Physiological Consequences of Aging
Malgorzata Oklejewicz (Erasmus MC)
Yvonne Rijksen (Erasmus MC)
The increase in life span in Western societies is accompanied with an increased incidence of age-related diseases (e.g. diabetes, atherosclerosis, neurodegeneration) that affect quality of life and impinges on health care demands. Evidently, the development of potential pharmaceutical and lifestyle intervention strategies that allow “healthy aging” require insight in the mechanism of aging and etiology of age-related disorders.
Aging has been defined as the progressive accumulation of diverse, deleterious changes with time that increase the chance of disease and death and, as portrayed in the Free Radical Theory of Aging, is caused by reactive oxygen species molecules (e.g. metabolic byproducts) that damage cellular components. Since DNA is a target for oxidants, it is not surprising that DNA damage and repair mechanisms have recently emerged as important factors in the process of aging. As energy metabolism (generating ROS) and detoxification processes (neutralizing ROS) are adjusted to the light-dark cycle by an internal body clock it also may not come as a surprise that a defective circadian clock results in accelerated aging, suggesting that, like DNA repair, the circadian system can be considered as an anti-aging factor. On the other hand, circadian behavior and molecular clock performance loses robustness with progressing age.
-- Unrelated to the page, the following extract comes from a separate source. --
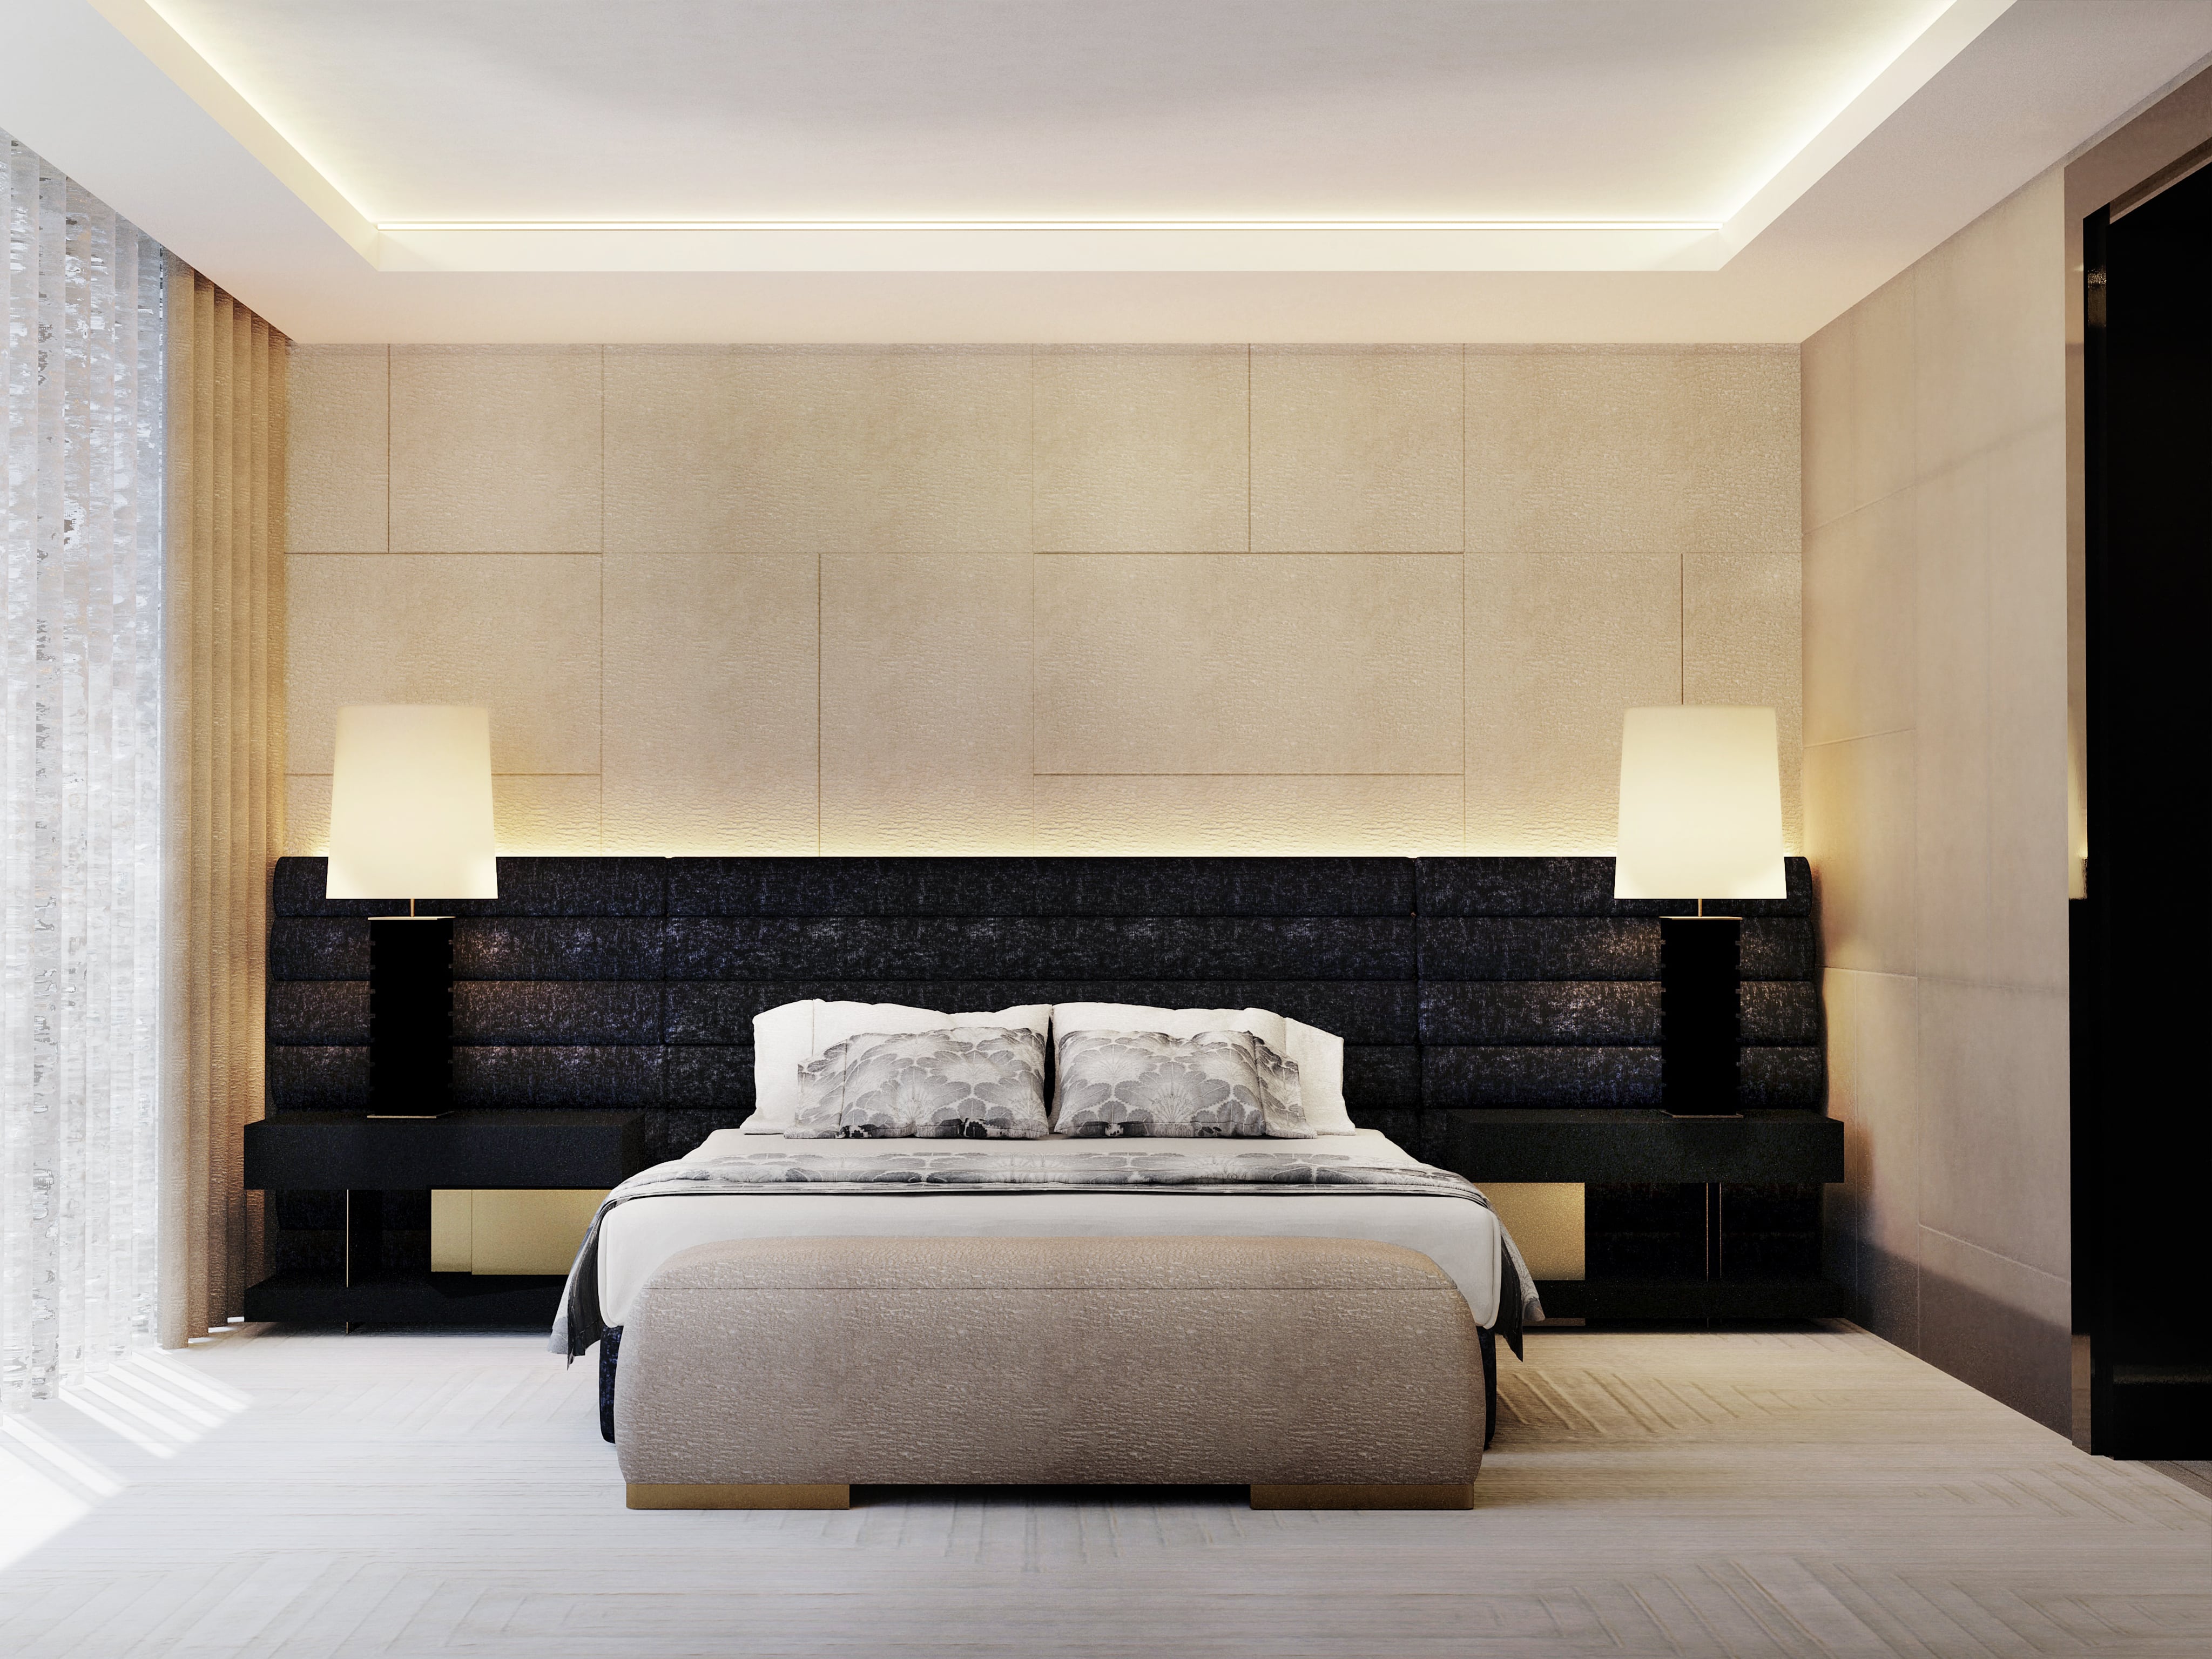 Neutral Master Bedroom Design With Outstanding Table Lamps - Home'Society

Thus far, the effect of aging on the circadian core oscillator and its ability to entrain to light on the one hand, and aging-associated changes in the robustness of circadian output parameters on the other hand, have not been examined in a systematic fashion. We are analyzing the spatio-temporal clock gene and protein expression in the SCN and peripheral tissues of young and old wild type and prematurely aging DNA repair deficient mice. Particularly, we are using SCN-specific DNA repair-deficient animals to study the effect of accelerated aging of the master clock in time and the consequence for organismal performance. Biological endpoints investigated include behavioral parameters (wheel running activity, light resetting), hormonal signaling (including the DNA damage induced survival response), aging markers, along with a detailed histopathological analysis. Studies also include transcriptome profiling of the SCN and liver at various ages. The results obtained will elucidate the vulnerability of the circadian system to ageing, as well as its involvement in the ageing process itself, and might provide a novel therapeutic approach to healthy ageing via manipulation of the circadian timing system.